● Source material:
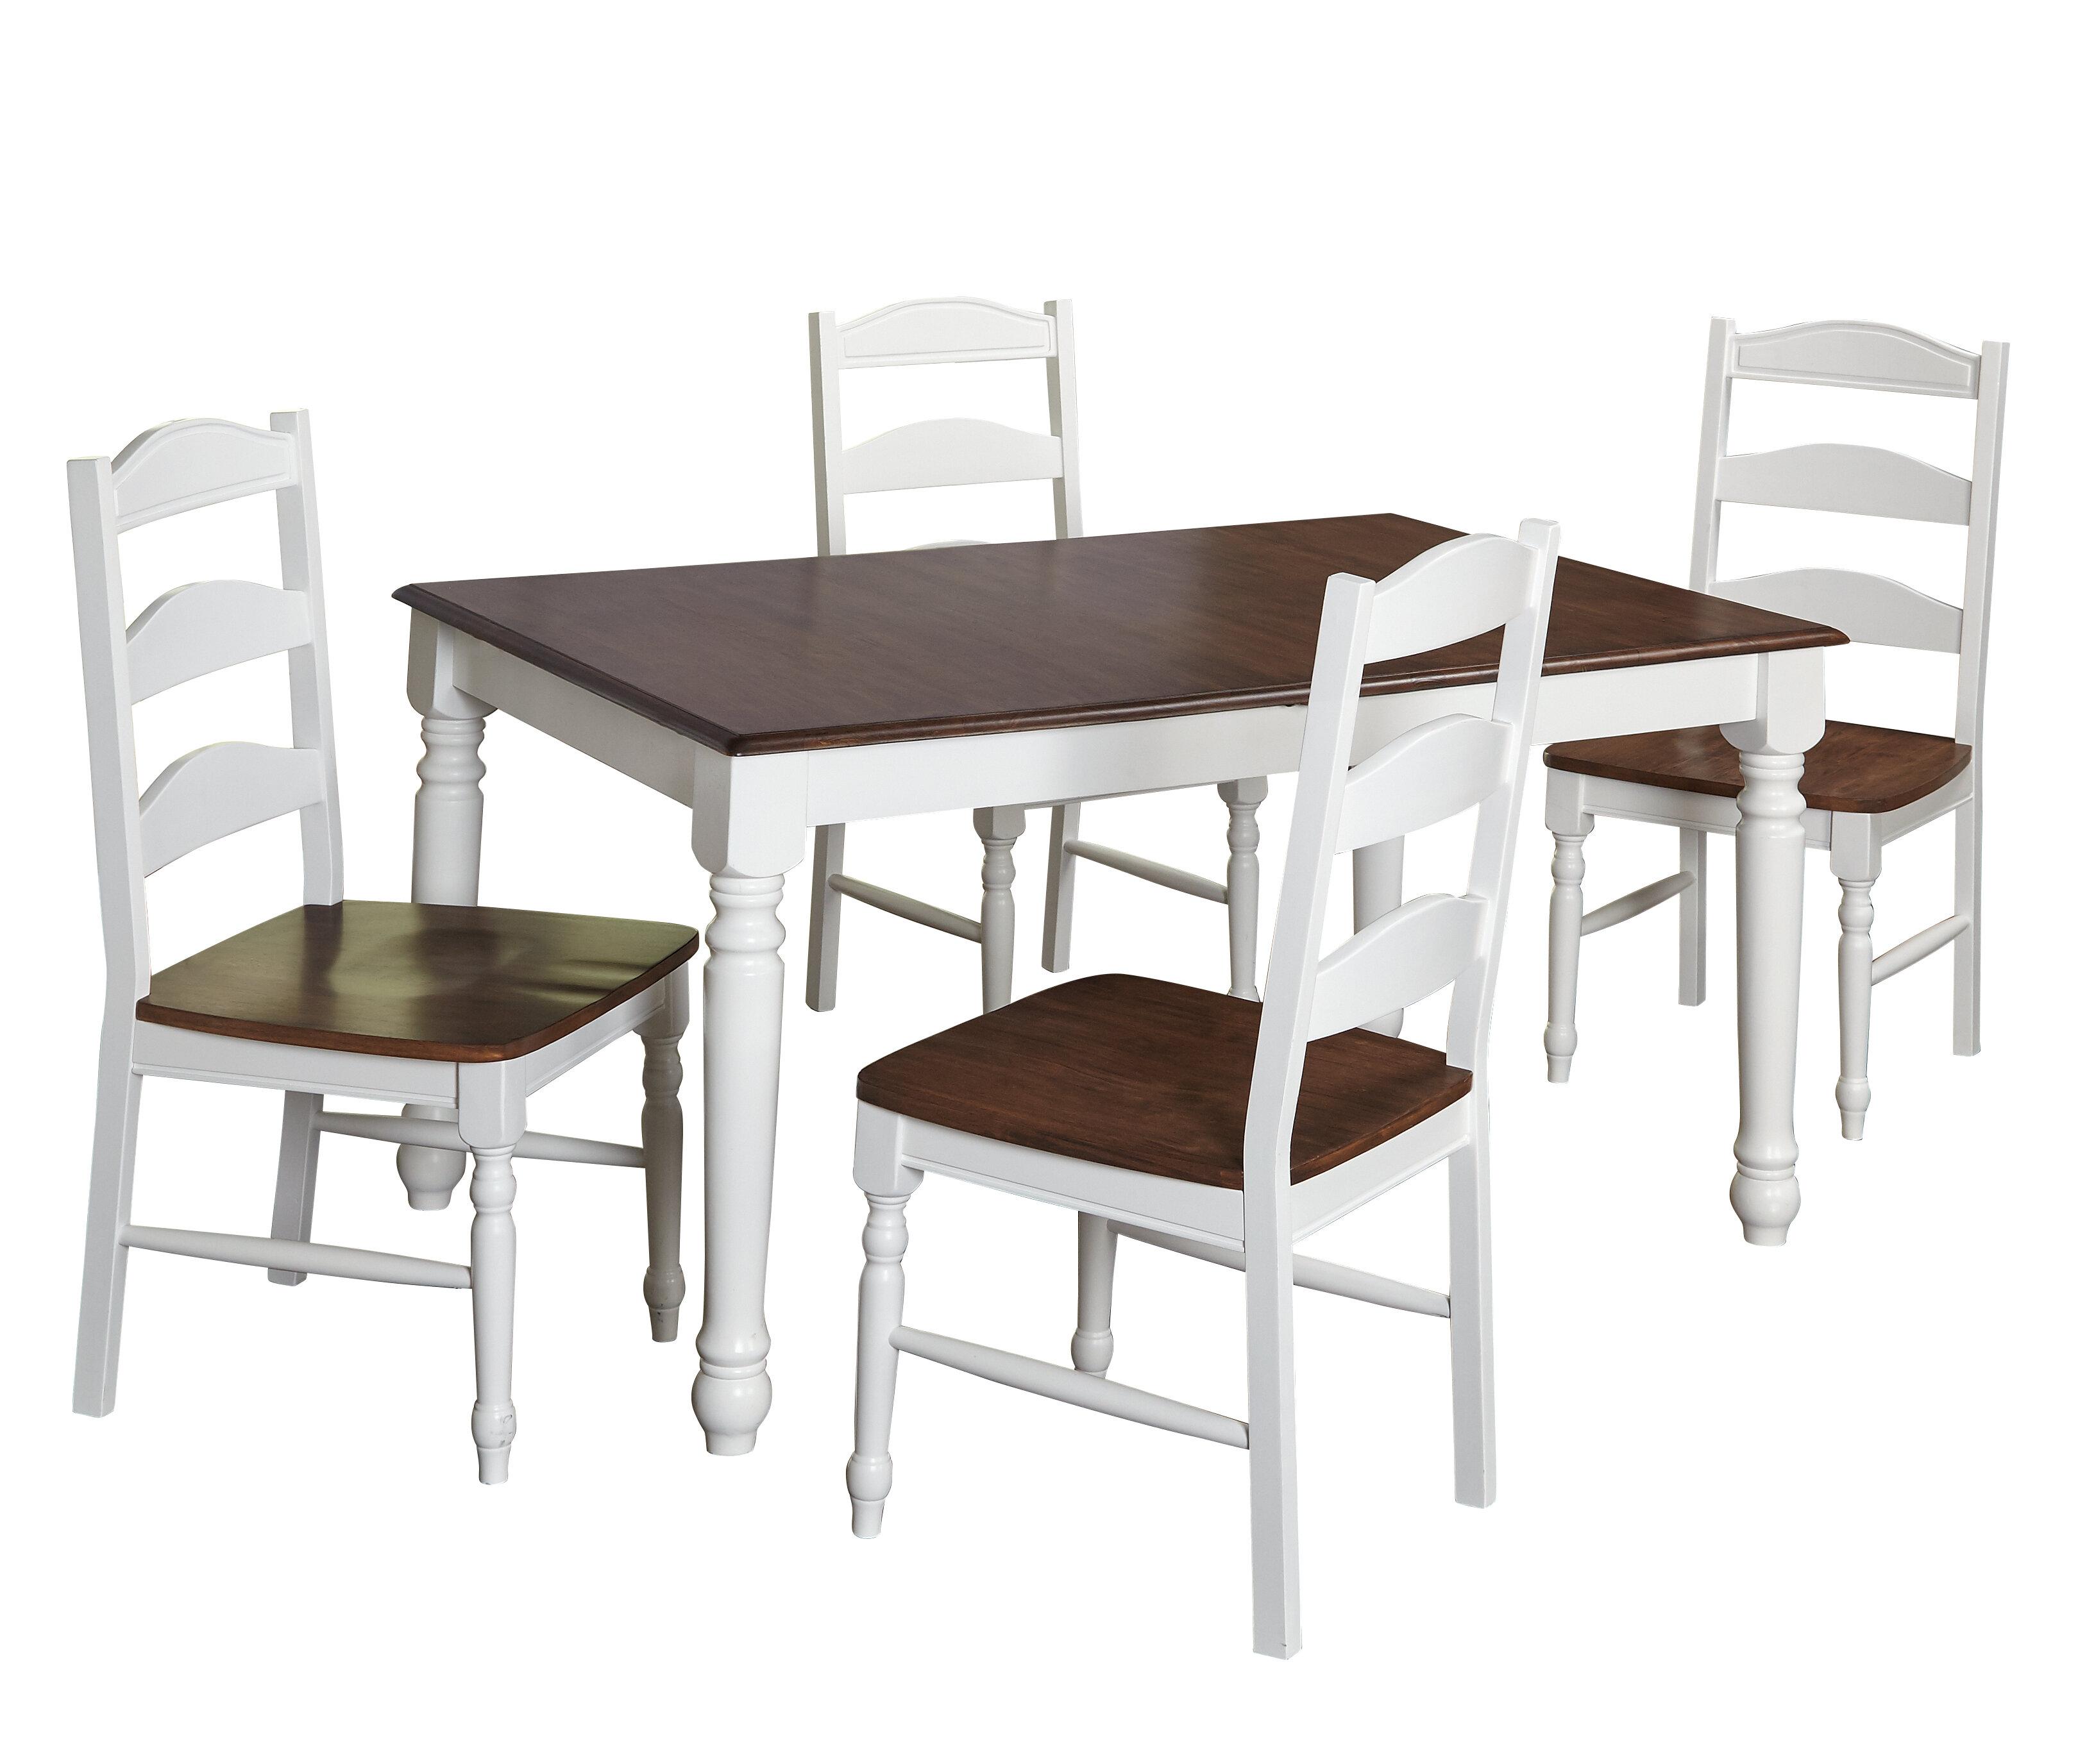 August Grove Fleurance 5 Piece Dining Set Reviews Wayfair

--

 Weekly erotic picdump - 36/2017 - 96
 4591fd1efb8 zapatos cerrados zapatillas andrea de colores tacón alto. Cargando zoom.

● Exercise goal:
Give only the lines from the one holding "Weekly erotic picdump - 36/2017 - 96" through the one holding "4591fd1efb8 zapatos cerrados", each restated exactly as it appears above.

● Output of the exercise:
 Weekly erotic picdump - 36/2017 - 96
 4591fd1efb8 zapatos cerrados zapatillas andrea de colores tacón alto. Cargando zoom.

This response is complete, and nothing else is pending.